Wayne Rooney

Friday, March 19, 2010 Label: , ,
Wayne Rooney is an English country home players who have a high attack instincts. the absence of Wayne Rooney can become hard for the team, because Wayne Rooney is a football player who can play with a neat and capable of destroying his opponent's defense. have many goals that he created the opponent's goal and has several times he determines his team victory.
until now still defend Rooney's Red Devils and he also still exist in contributing goals in the match.

Wayne Mark Rooney (born 24 October 1985) is an English footballer who currently plays as a striker for English Premier League club Manchester United and the England national team. A prolific goalscorer, he is known for his pace, agility and power while on the ball, and his overall determined and passionate style of play.

Rooney began his career with Everton, joining their youth team at age ten and rising through the ranks. He made his professional debut in 2002 and his first goal made him the youngest goalscorer in Premier League history at the time. He quickly became part of Everton's first team, spending two seasons at the Merseyside club. Before the start of the 2004–05 season he moved to Manchester United for £25.6 million and became a key member of the first team. Since then, he has won the Premier League three times, the 2007–08 UEFA Champions League and also two League Cups.

Rooney made his England debut in 2003 and at Euro 2004 he briefly became the competition's youngest goalscorer.

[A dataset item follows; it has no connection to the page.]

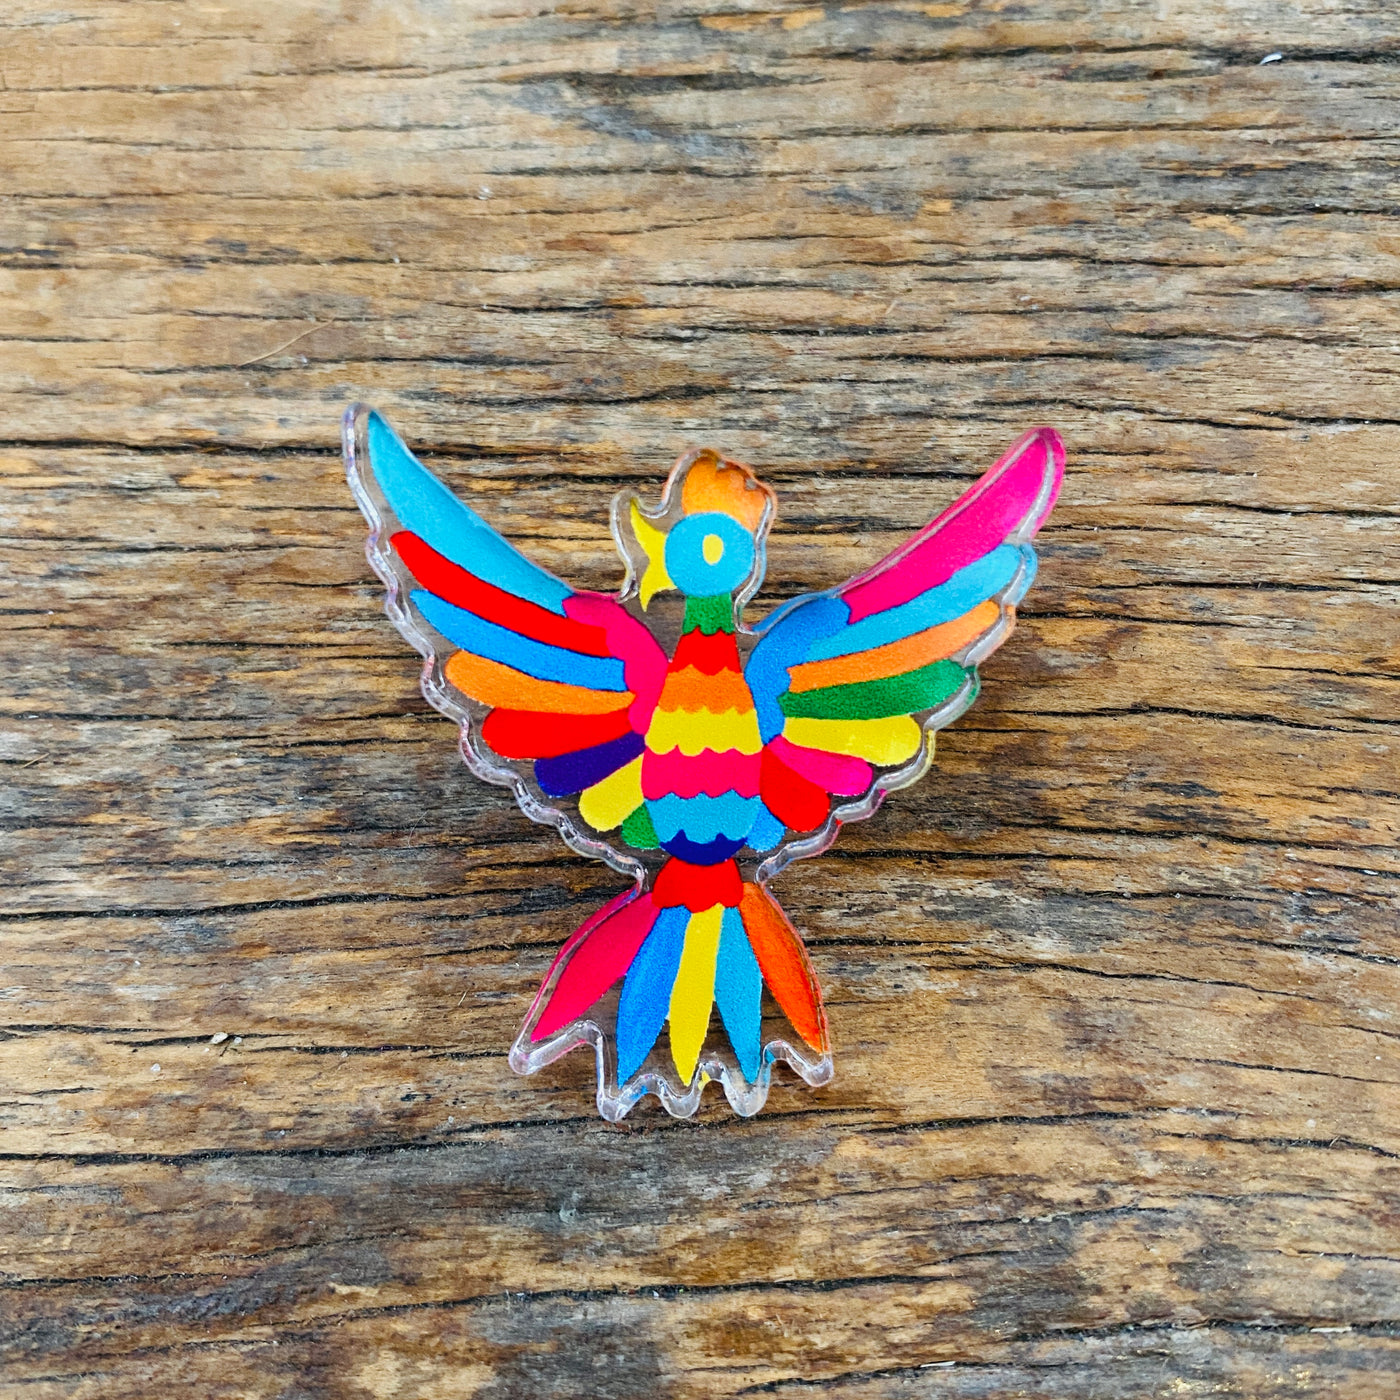 Clear enamel pin with a colorful Otomi bird on it.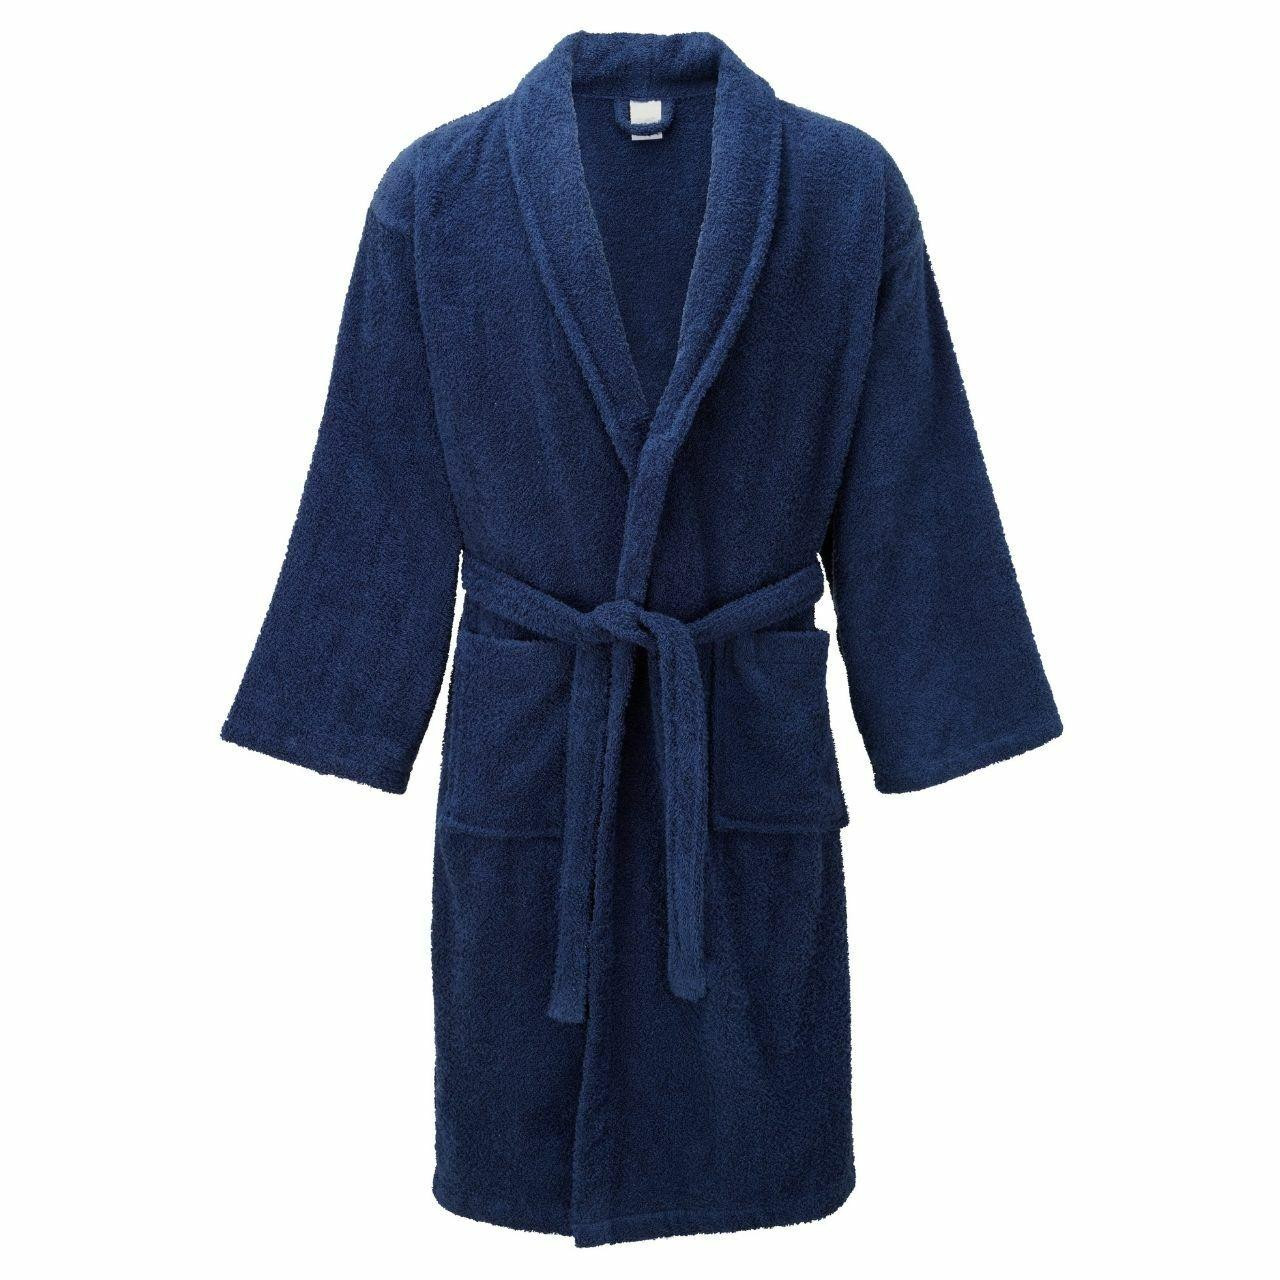 Unisex 100% Luxury Egyptian Cotton Super Soft Velour Towelling Bath Robe Dressing Gowns Bathrobe Terry Towel Housecoat Nightwear Lounge Wears With Pockets And Belt

He is frequently selected for the England squad and also featured in the 2006 World Cup.


Early life

Born on 24 October 1985 in Croxteth, Liverpool, Merseyside, Rooney is the first child of parents of Irish descent  Thomas Wayne and Jeanette Marie Rooney (née Morrey). He was raised in Croxteth with younger brothers Graeme and John, and all three attended De La Salle School. Wayne grew up supporting local club Everton, and his childhood hero was Duncan Ferguson.
Club career
Everton

After excelling for Liverpool Schoolboys, Rooney was signed on schoolboy terms by Everton at the age of ten. He was part of the youth squad, and after scoring in an FA Youth Cup match, he revealed a T-shirt under his jersey that read, "Once a Blue, always a Blue." Since he was under 17 at the time and therefore ineligible for a professional contract, he was playing for £80 a week and living with his family on one of the country's most deprived council estates.

On 19 October 2002, five days before his 17th birthday, Rooney scored a match-winning goal against reigning league champions Arsenal; in addition to ending Arsenal's thirty-match unbeaten run, it made Rooney the youngest goalscorer in Premier League history, a record that has since been surpassed twice; first by James Milner and then by James Vaughan. He was named BBC Sports' 2002 Young Personality of the Year. He played 33 Premier League games that season and scored six goals.

At the end of the 2003-04 season, Rooney, citing Everton's inability to challenge for European competition (they had finished seventh the previous season and only just missed out on a UEFA Cup place, but in 2003-04 had narrowly avoided relegation and finished 17th), requested a transfer that Everton refused to oblige if the transfer fee was less than £50 million. A three-year, £12,000-a-week contract offer from the club was snubbed by Rooney's agent in August 2004, leaving Manchester United and Newcastle United to compete for his signature. The Times reported that Newcastle were close to signing Rooney for £18.5 million, as confirmed by Rooney's agent, but Manchester United ultimately won the bidding war and Rooney signed at the end of the month after a £25.6 million deal with Everton was reached. At the time of his sale Everton were struggling financially with a significant debt and the deal helped turn the clubs finances around.

It was the highest fee ever paid for a player aged under 20. Rooney was still only 18 years old when he left Everton.

In his final season at Everton, he scored eight goals in 34 Premier League games. 

On 1 September 2006, Everton manager David Moyes sued Rooney for libel after the tabloid newspaper The Daily Mail published excerpts from Rooney's 2006 autobiography that accused the coach of leaking Rooney's reasons for leaving the club to the press. The case was settled out of court for £500,000 on 3 June 2008, and Rooney apologized to Moyes for "false claims" he had made in the book regarding the matter.